Exercise material
_ _ _ _ _ _ _

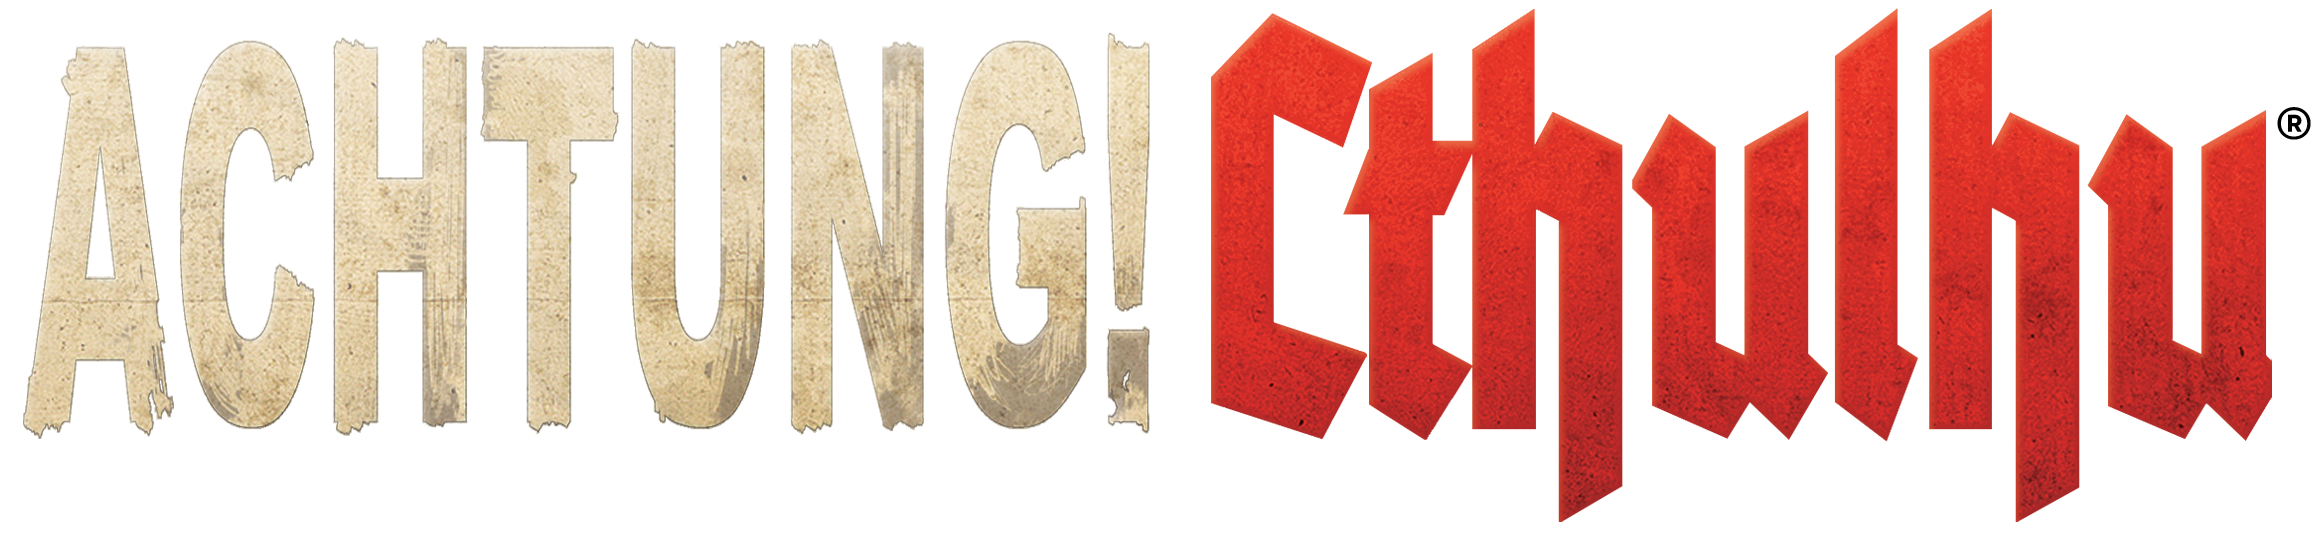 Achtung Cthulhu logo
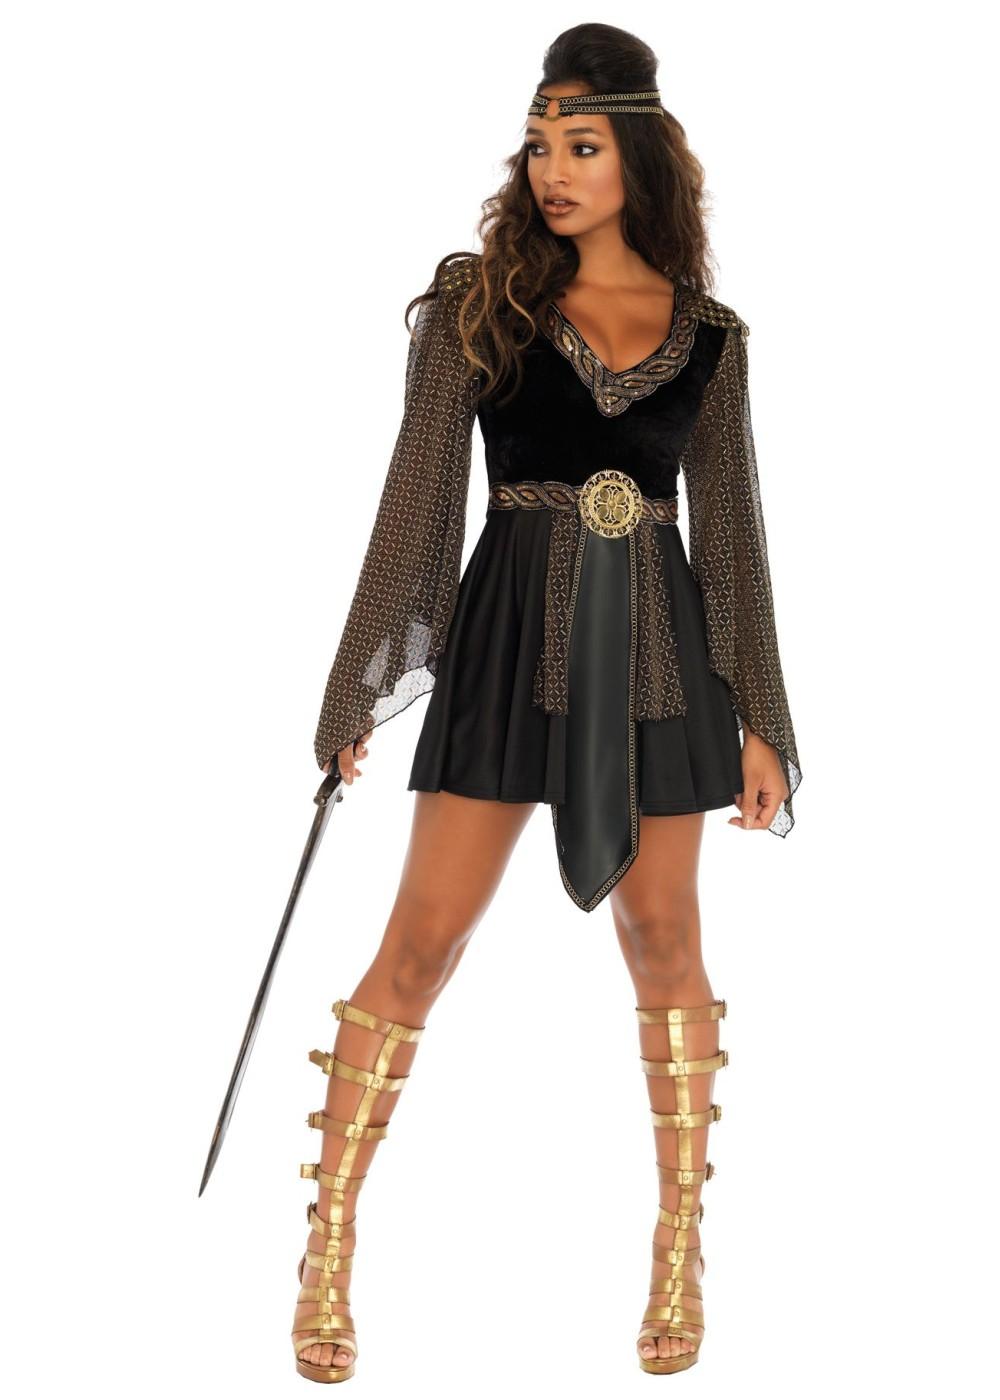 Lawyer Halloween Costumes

_ _ _ _ _ _ _

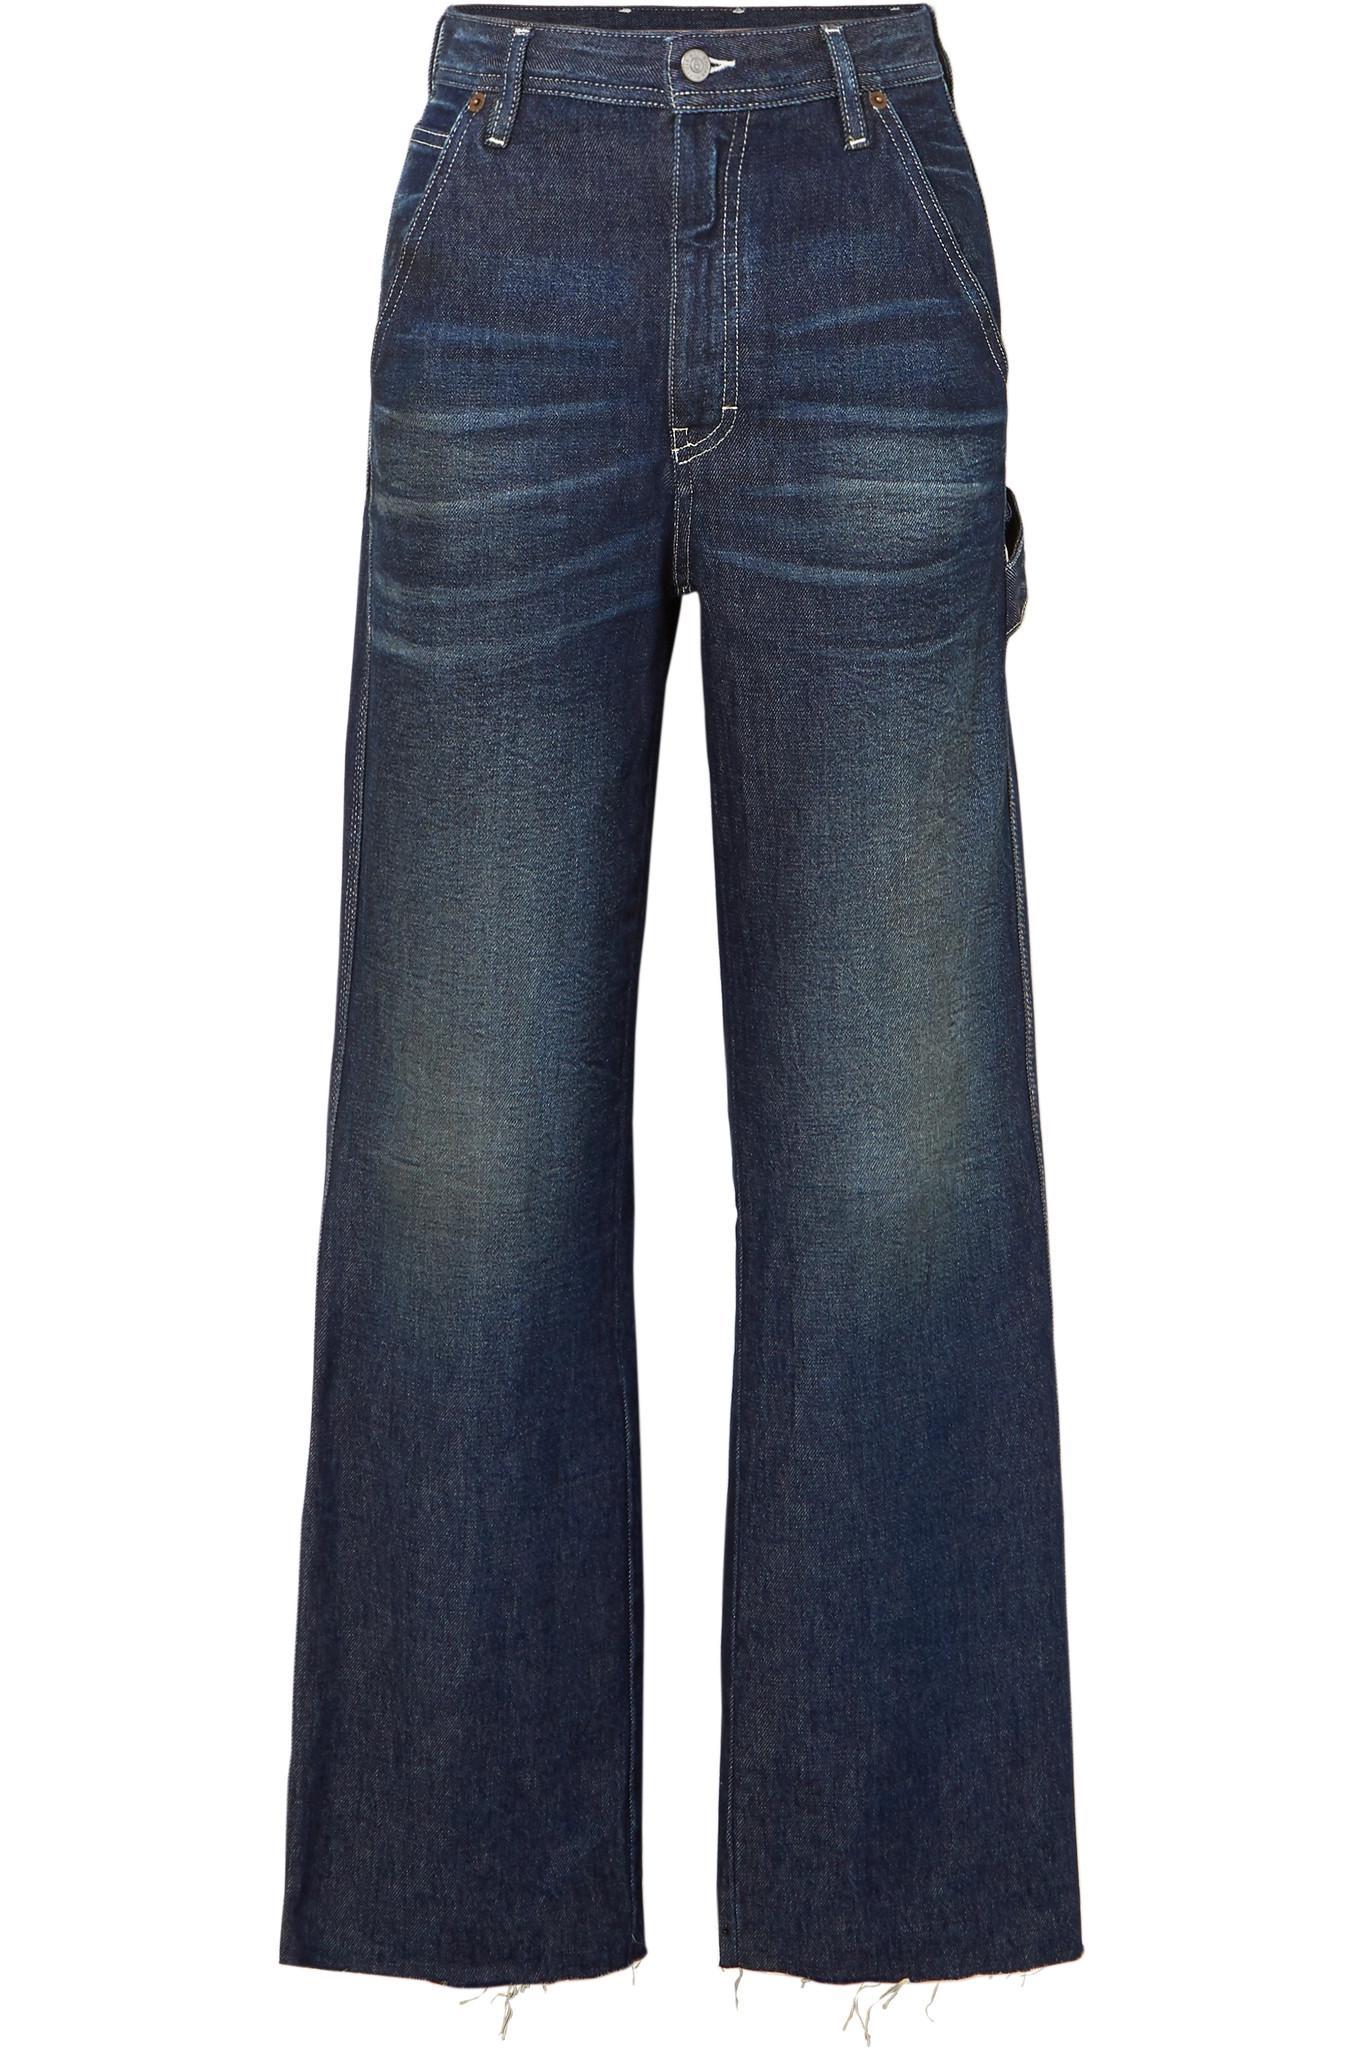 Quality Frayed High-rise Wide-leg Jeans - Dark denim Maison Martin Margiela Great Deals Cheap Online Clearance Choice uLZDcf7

_ _ _ _ _ _ _

Your instructions
The stretch to restate runs from the line above containing "Achtung Cthulhu logo" through the line containing "Lawyer Halloween Costumes". Copy it word for word, ends included, without pictures.

Output for this exercise
 Achtung Cthulhu logo
 Lawyer Halloween Costumes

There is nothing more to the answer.